YOUR GOAL> Whenever an image turns up, omit it and return the remaining data exactly.
COLLECTED MATERIAL: Begin
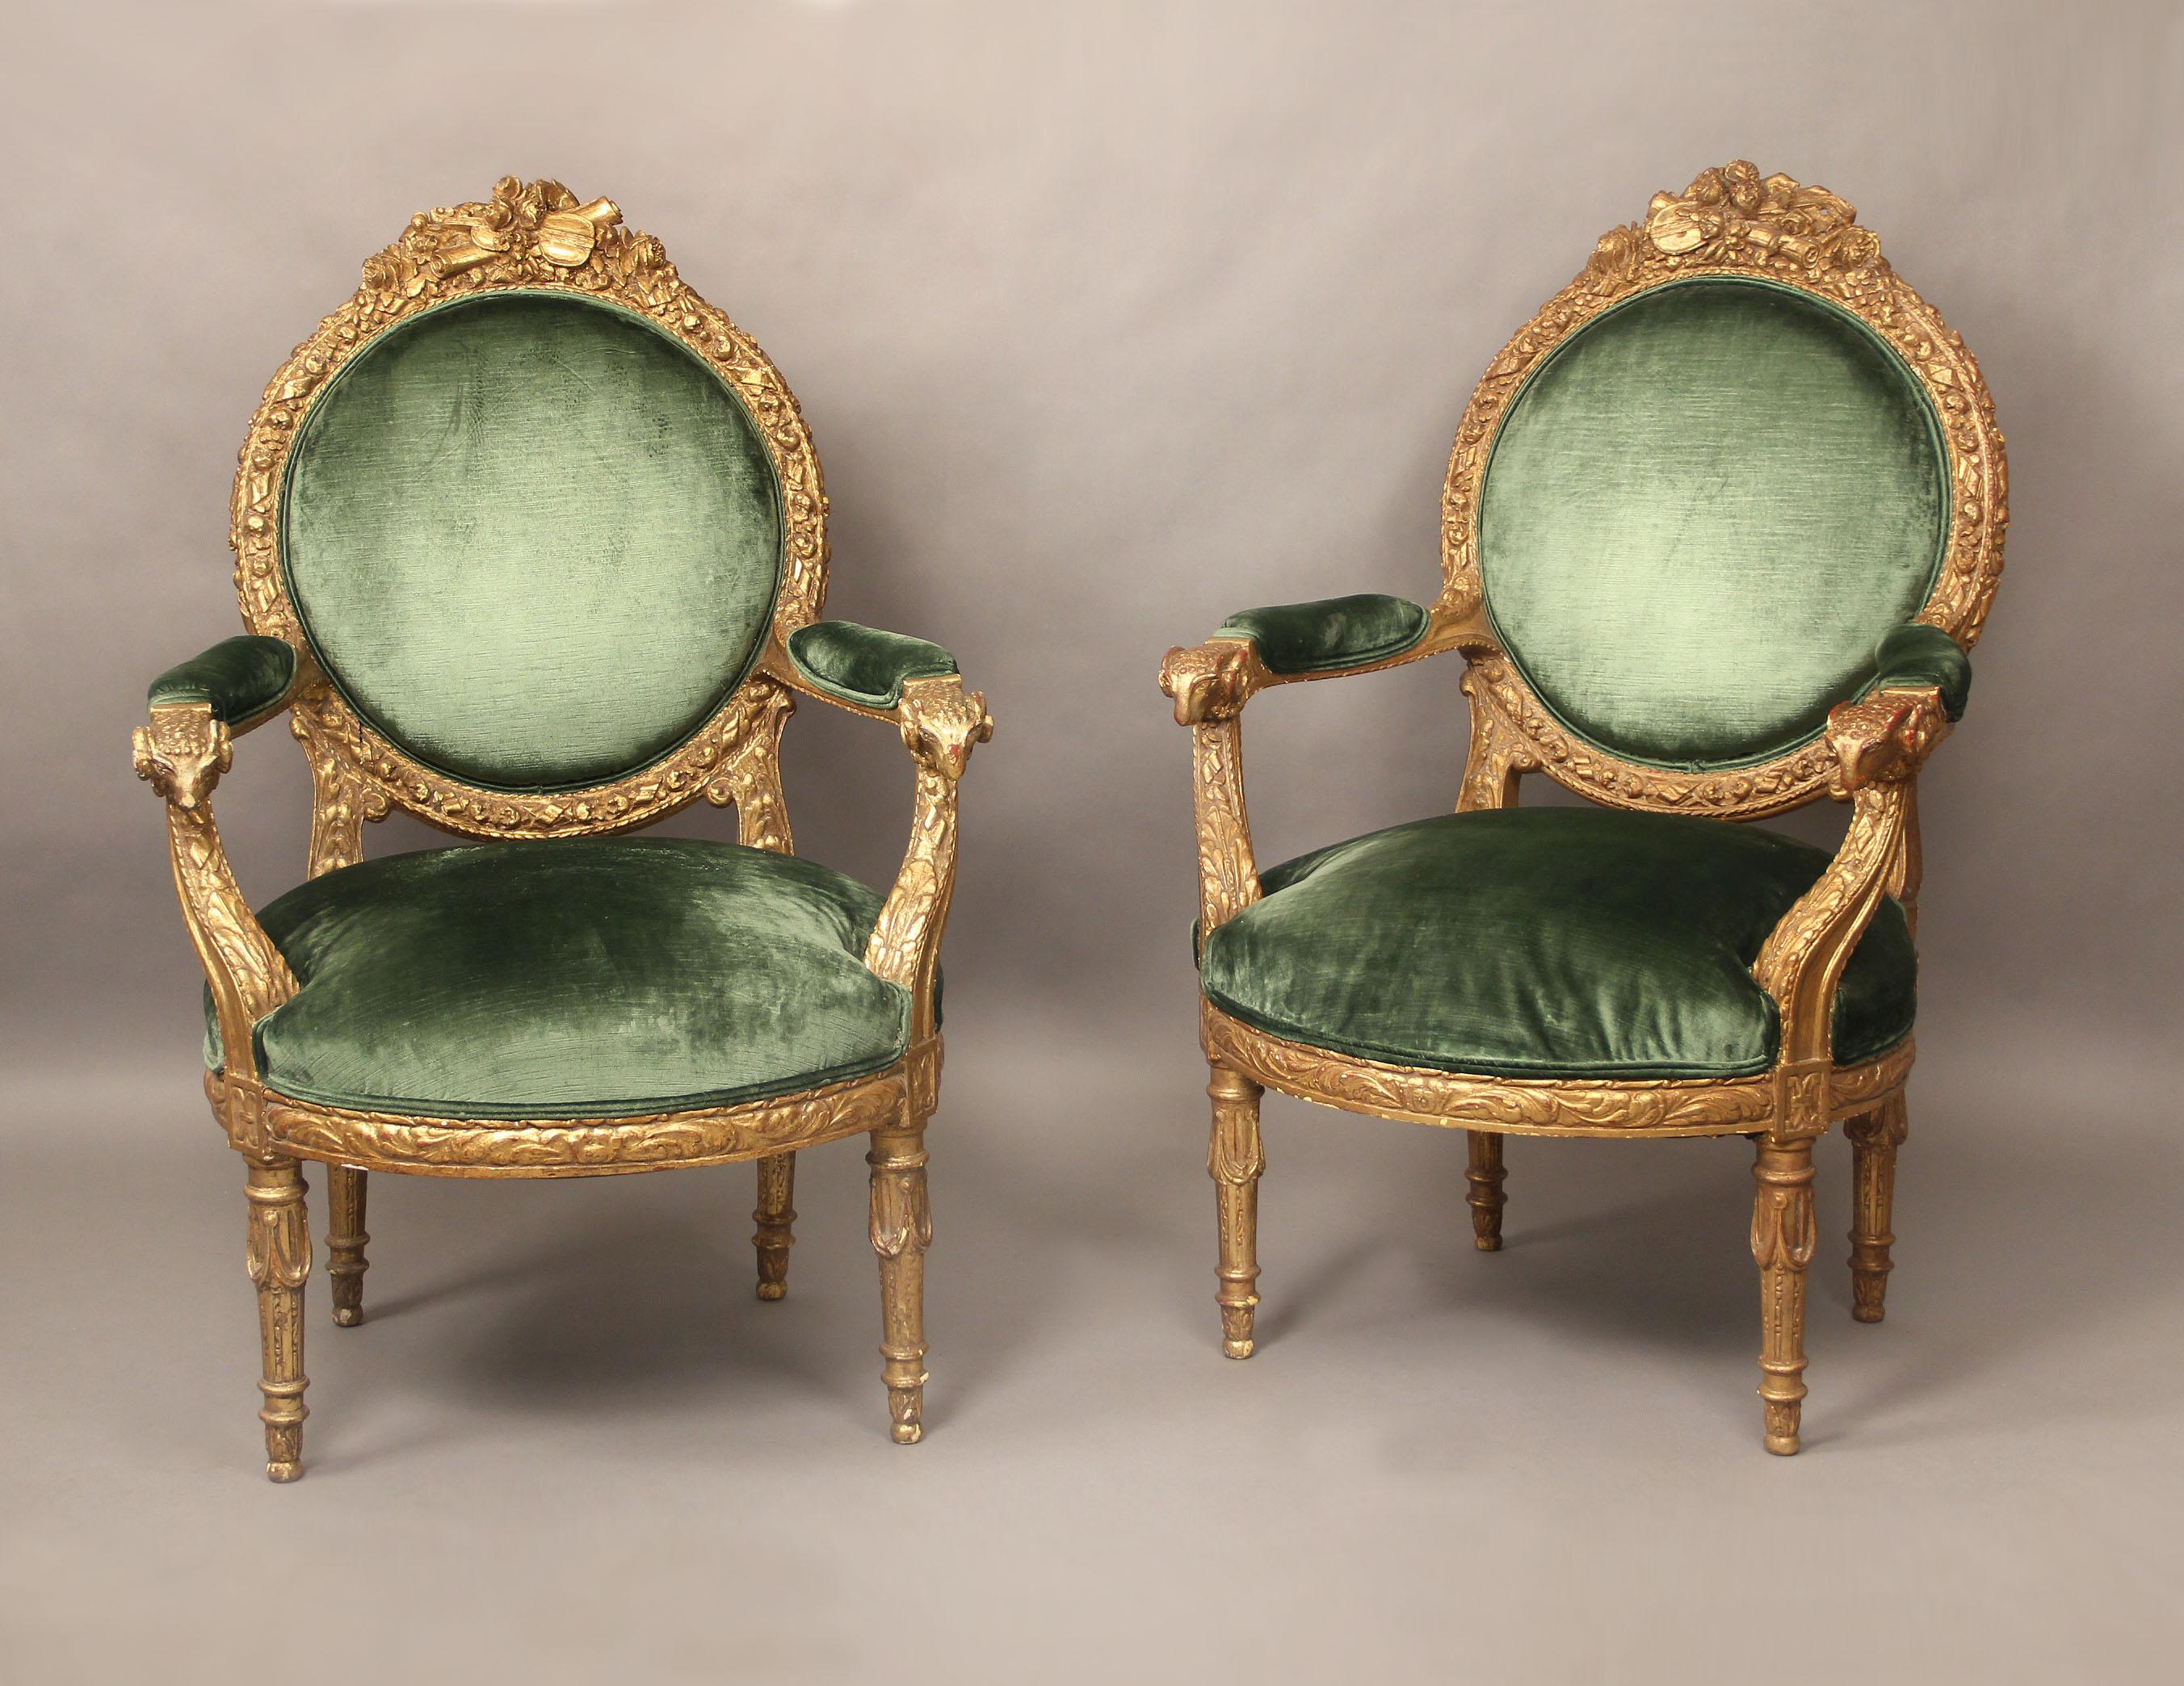 Ein sehr schönes Paar vergoldeter Sessel im Louis-XVI-Stil des späten 19. Jahrhunderts.

Übergroß mit hohen Rückenlehnen, floral geschnitzten Rahmen mit Instrumenten auf der Oberseite und Widderkopf auf den Armlehnen.
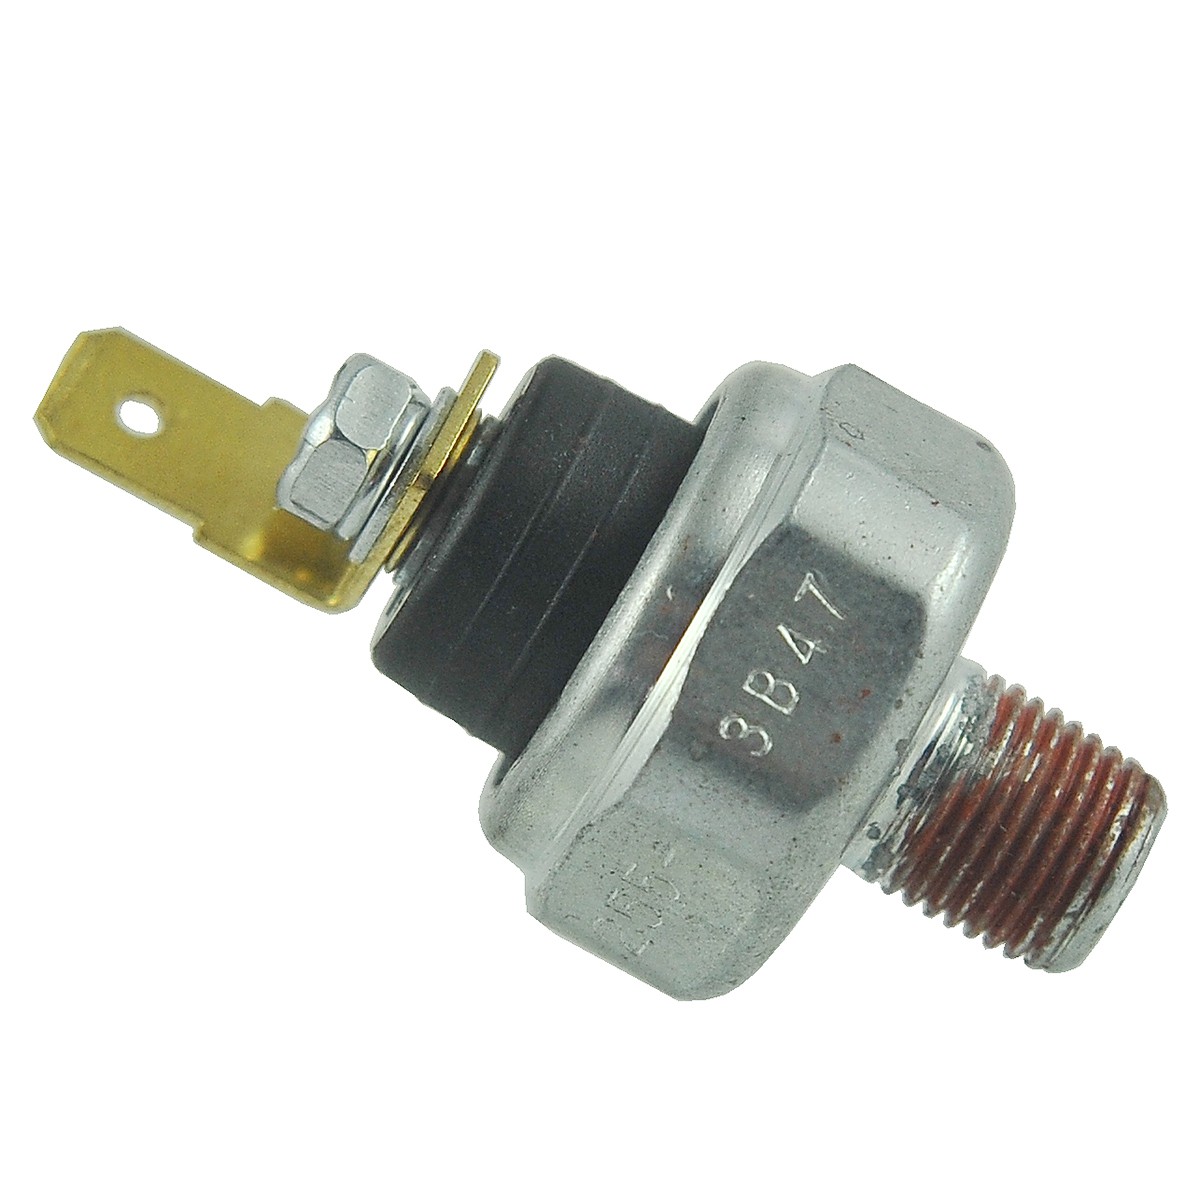 Oil pressure sensor / 0.25 bar / Kubota D950/D1005/D1100/V1505/V1902/V1903 / Iseki E3AE1 / 1A024-39010 / 15531-39010
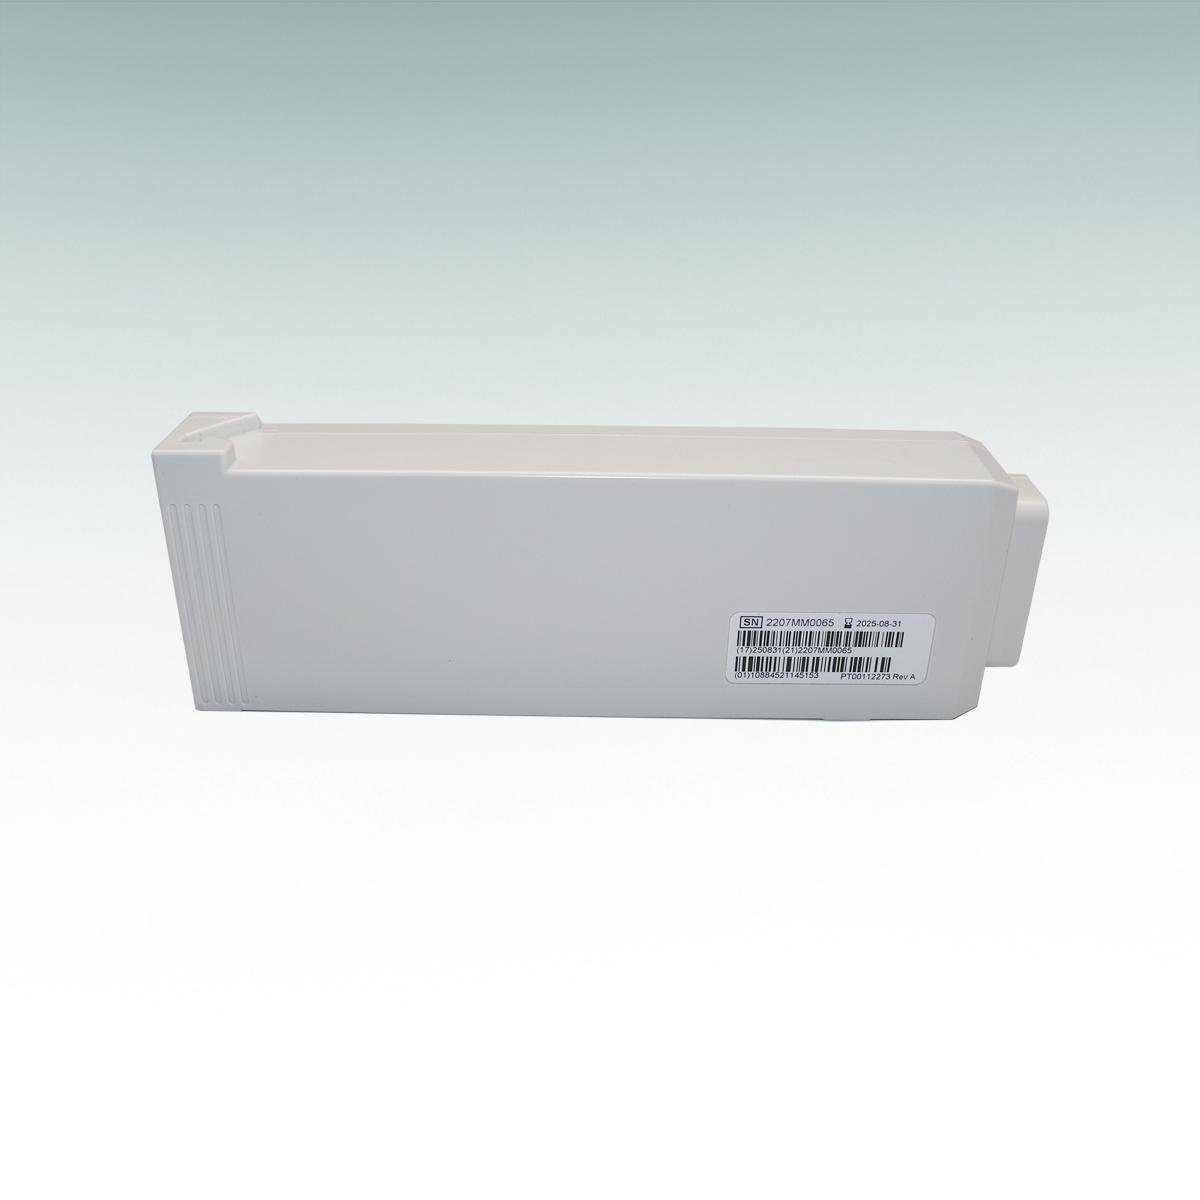 科曼NC8/NC10/NC12病人监护仪原装可充电电池022-000108-00 4
COLLECTED MATERIAL: End
TASK RESPONSE>
 Ein sehr schönes Paar vergoldeter Sessel im Louis-XVI-Stil des späten 19. Jahrhunderts.

Übergroß mit hohen Rückenlehnen, floral geschnitzten Rahmen mit Instrumenten auf der Oberseite und Widderkopf auf den Armlehnen.
 Oil pressure sensor / 0.25 bar / Kubota D950/D1005/D1100/V1505/V1902/V1903 / Iseki E3AE1 / 1A024-39010 / 15531-39010
 科曼NC8/NC10/NC12病人监护仪原装可充电电池022-000108-00 4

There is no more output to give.